Waiting for 2 pods to be ready...
Waiting for 1 pods to be ready...
Waiting for 1 pods to be ready...
partitioned roll out complete: 2 new pods have been updated...
$ kubectl exec nccl-gib-test-0 -it -- /usr/local/gib/scripts/run_nccl_tests.sh -t all_gather -b 8 -e 1G -f 2 -g 1 -n 100 -w 50 nccl-gib-test-0.nccl-gib-test nccl-gib-test-1.nccl-gib-test
Initializing SSH...
Warning: Permanently added '[nccl-gib-test-0.nccl-gib-test]:222,[10.44.3.37]:222' (ECDSA) to the list of known hosts.
Hello from nccl-gib-test-0.nccl-gib-test
Warning: Permanently added '[nccl-gib-test-1.nccl-gib-test]:222,[10.44.4.37]:222' (ECDSA) to the list of known hosts.
Hello from nccl-gib-test-1.nccl-gib-test
Generating hostfiles for 2 hosts:
nccl-gib-test-0.nccl-gib-test
nccl-gib-test-1.nccl-gib-test
# nThread 1 nGpus 1 minBytes 8 maxBytes 1073741824 step: 2(factor) warmup iters: 50 iters: 100 agg iters: 1 validation: 1 graph: 0
#
# Using devices
# Rank 0 Group 0 Pid 1444 on nccl-gib-test-0 device 0 [0000:8f:00] NVIDIA B200
# Rank 1 Group 0 Pid 1415 on nccl-gib-test-1 device 0 [0000:8f:00] NVIDIA B200
NCCL version 2.26.6+cuda12.8
#
# out-of-place in-place
# size count type redop root time algbw busbw #wrong time algbw busbw #wrong
# (B) (elements) (us) (GB/s) (GB/s) (us) (GB/s) (GB/s)

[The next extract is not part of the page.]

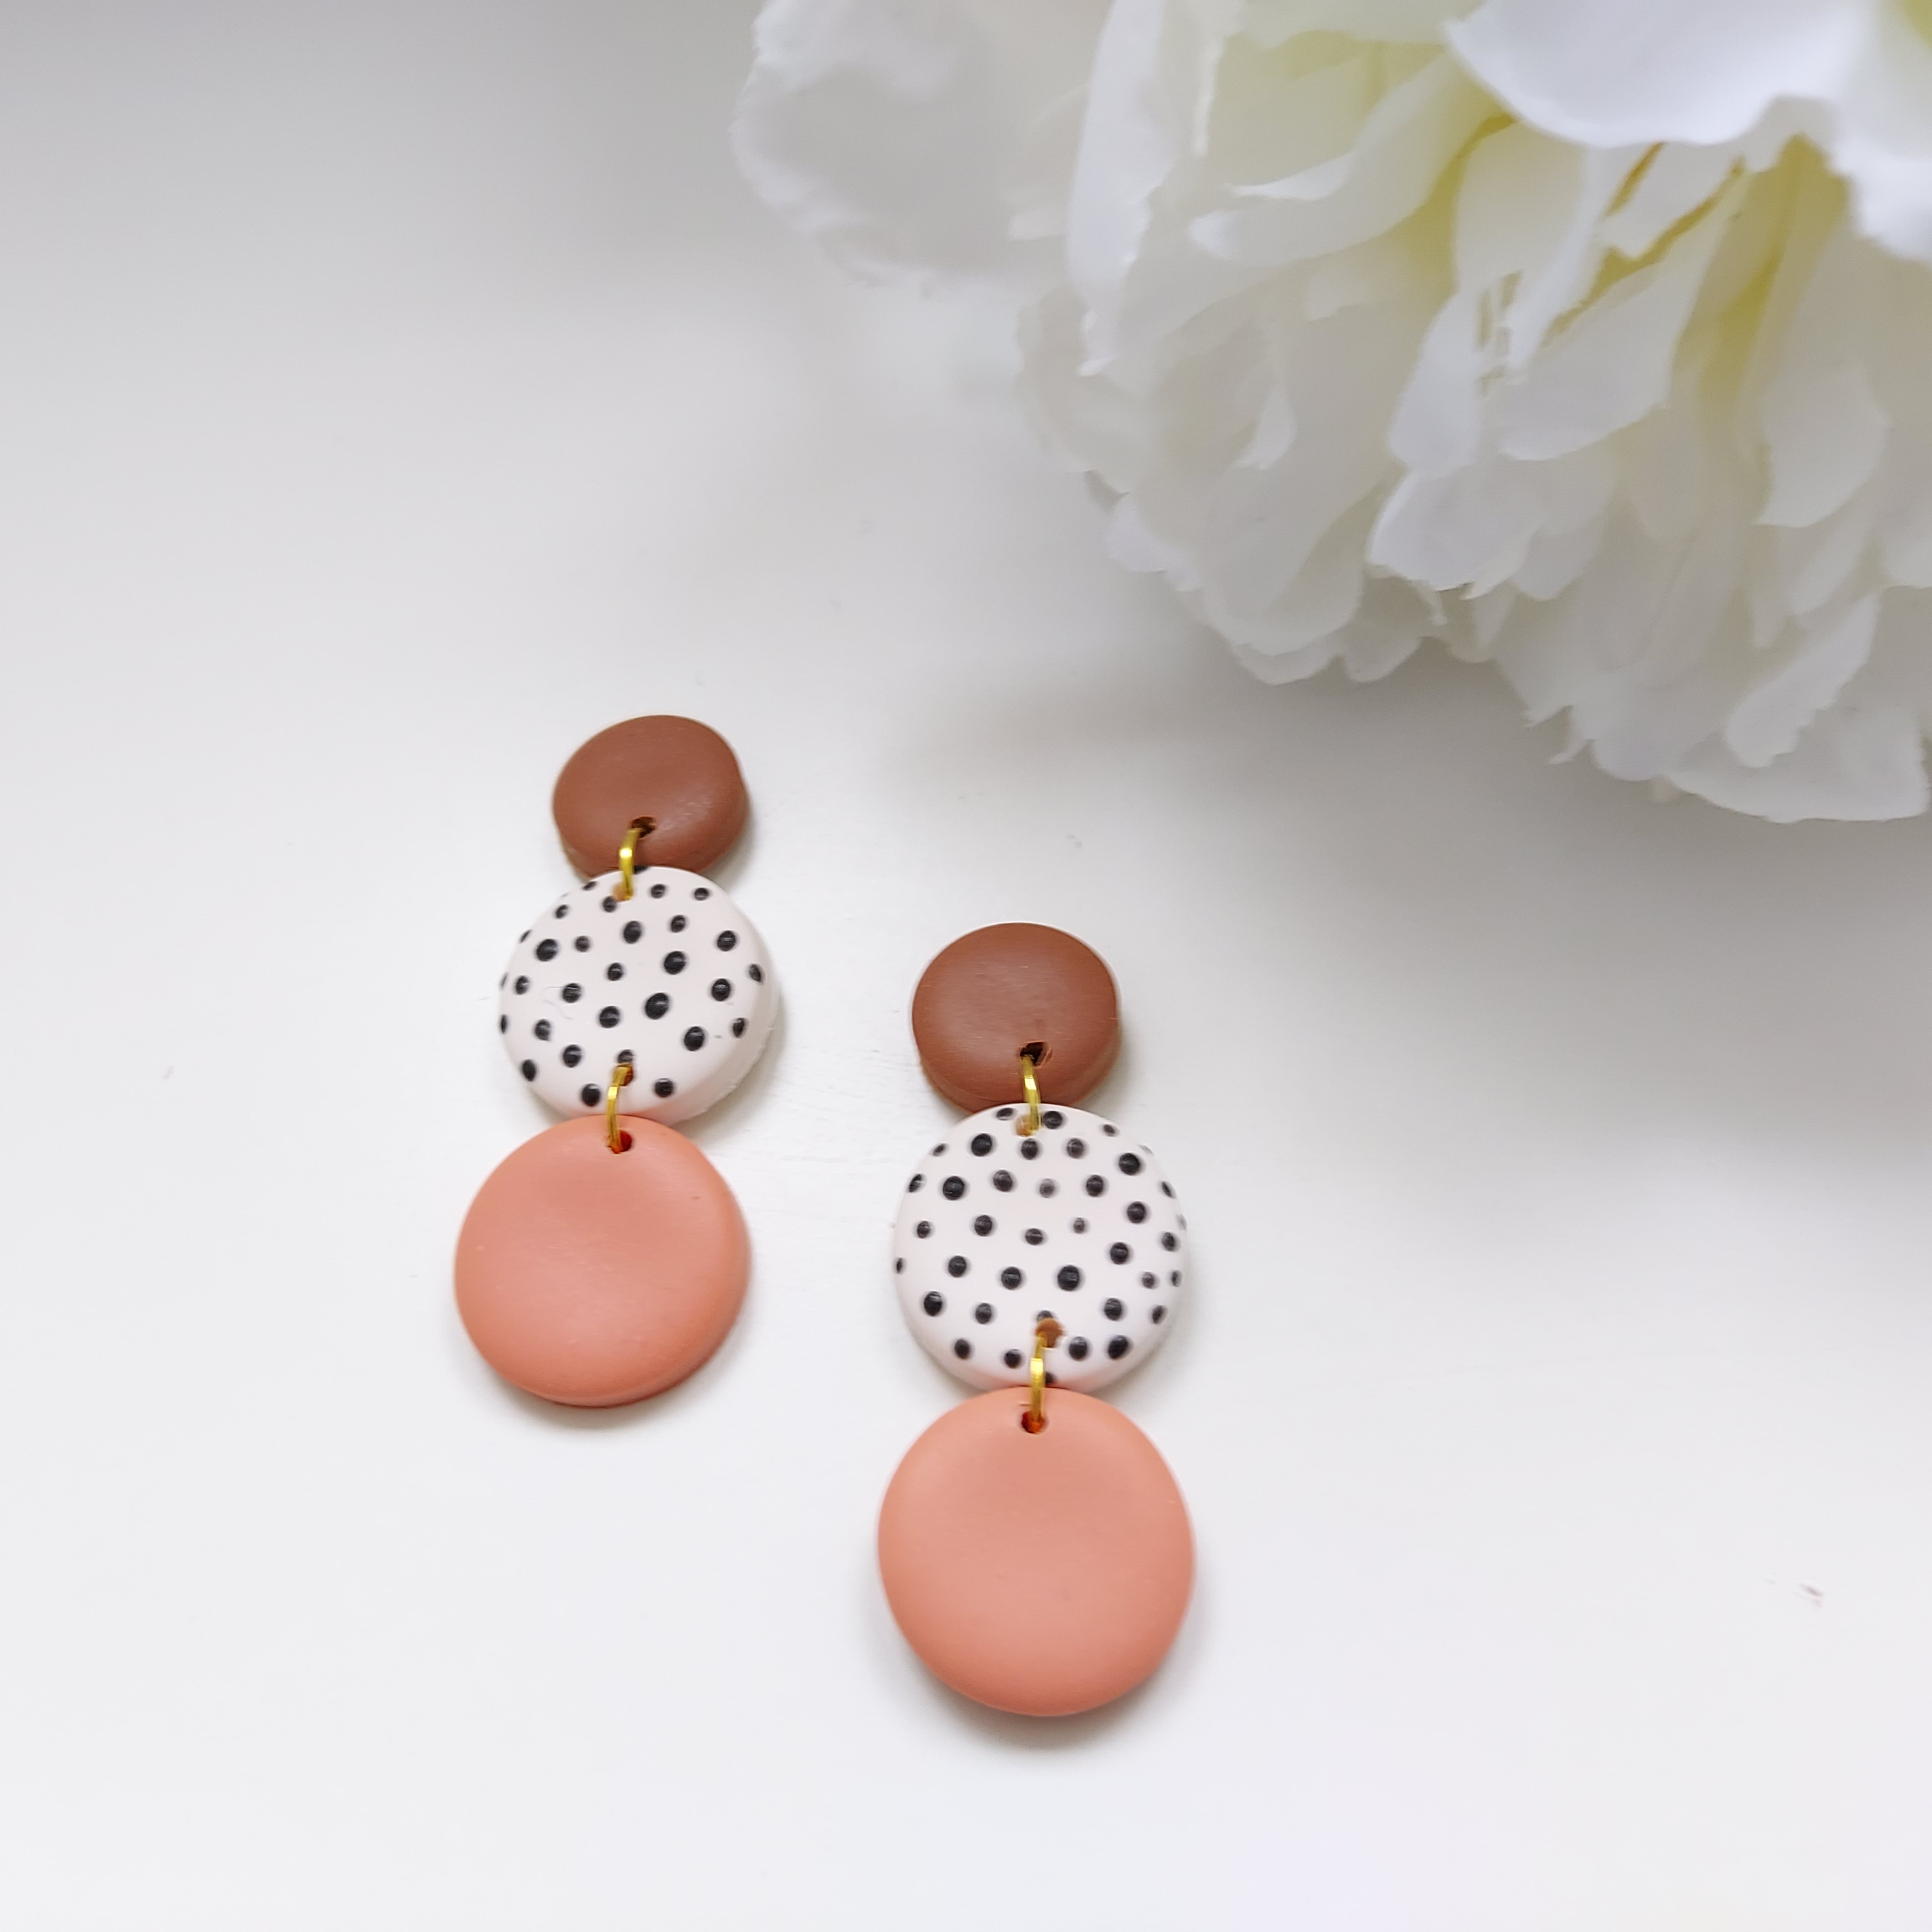 Polymer Clay Earrings - Polka Dots Stud Earrings

0 0 float none -1 0.06 0.00 0.00 0 0.06 0.00 0.00 0
0 0 float none -1 0.06 0.00 0.00 0 0.06 0.00 0.00 0
32 4 float none -1 14.18 0.00 0.00 0 14.12 0.00 0.00 0
64 8 float none -1 14.30 0.00 0.00 0 14.12 0.00 0.00 0
128 16 float none -1 14.16 0.01 0.00 0 14.14 0.01 0.00 0
256 32 float none -1 14.32 0.02 0.01 0 14.37 0.02 0.01 0
512 64 float none -1 14.46 0.04 0.02 0 14.25 0.04 0.02 0
1024 128 float none -1 14.44 0.07 0.04 0 14.49 0.07 0.04 0
2048 256 float none -1 14.89 0.14 0.07 0 14.53 0.14 0.07 0
4096 512 float none -1 15.35 0.27 0.13 0 15.15 0.27 0.14 0
8192 1024 float none -1 17.06 0.48 0.24 0 16.80 0.49 0.24 0
16384 2048 float none -1 18.65 0.88 0.44 0 18.15 0.90 0.45 0
32768 4096 float none -1 19.29 1.70 0.85 0 19.22 1.70 0.85 0
65536 8192 float none -1 22.30 2.94 1.47 0 22.05 2.97 1.49 0
131072 16384 float none -1 28.69 4.57 2.28 0 28.35 4.62 2.31 0
262144 32768 float none -1 30.96 8.47 4.23 0 30.25 8.67 4.33 0
524288 65536 float none -1 37.04 14.16 7.08 0 34.90 15.02 7.51 0
1048576 131072 float none -1 46.45 22.58 11.29 0 43.78 23.95 11.98 0
2097152 262144 float none -1 63.16 33.21 16.60 0 59.59 35.19 17.60 0
4194304 524288 float none -1 101.5 41.31 20.66 0 93.90 44.67 22.33 0
8388608 1048576 float none -1 150.1 55.87 27.93 0 142.9 58.68 29.34 0
16777216 2097152 float none -1 268.2 62.56 31.28 0 252.5 66.43 33.22 0
33554432 4194304 float none -1 519.5 64.59 32.29 0 484.5 69.26 34.63 0
67108864 8388608 float none -1 1019.6 65.82 32.91 0 931.9 72.02 36.01 0
134217728 16777216 float none -1 1989.8 67.45 33.73 0 1746.0 76.87 38.44 0
268435456 33554432 float none -1 3842.6 69.86 34.93 0 3208.5 83.66 41.83 0
536870912 67108864 float none -1 7502.0 71.56 35.78 0 6146.5 87.35 43.67 0
1073741824 134217728 float none -1 14640 73.35 36.67 0 11892 90.29 45.14 0
# Out of bounds values : 0 OK
# Avg bus bandwidth : 12.5463
#
They now connect!
Conclusion
Using both DraNet and the Nvidia DRA libraries in combination is a way to quickly allocate both GPUs and RDMA devices in order to create interconnected workloads that can span multiple nodes. This can be used to create workloads that span multiple nodes and take advantage of spare resources on nodes.
For instance, consider that you have 2 nodes with 8 GPUs apiece. If you ran 2 training jobs that took 6 GPUs each then you would have 4 GPUs idle. By enabling DraNet you could take advantage of those remaining 4 for another training job. Without providing the RDMA devices, these GPUs would only be able to communicate within the same node.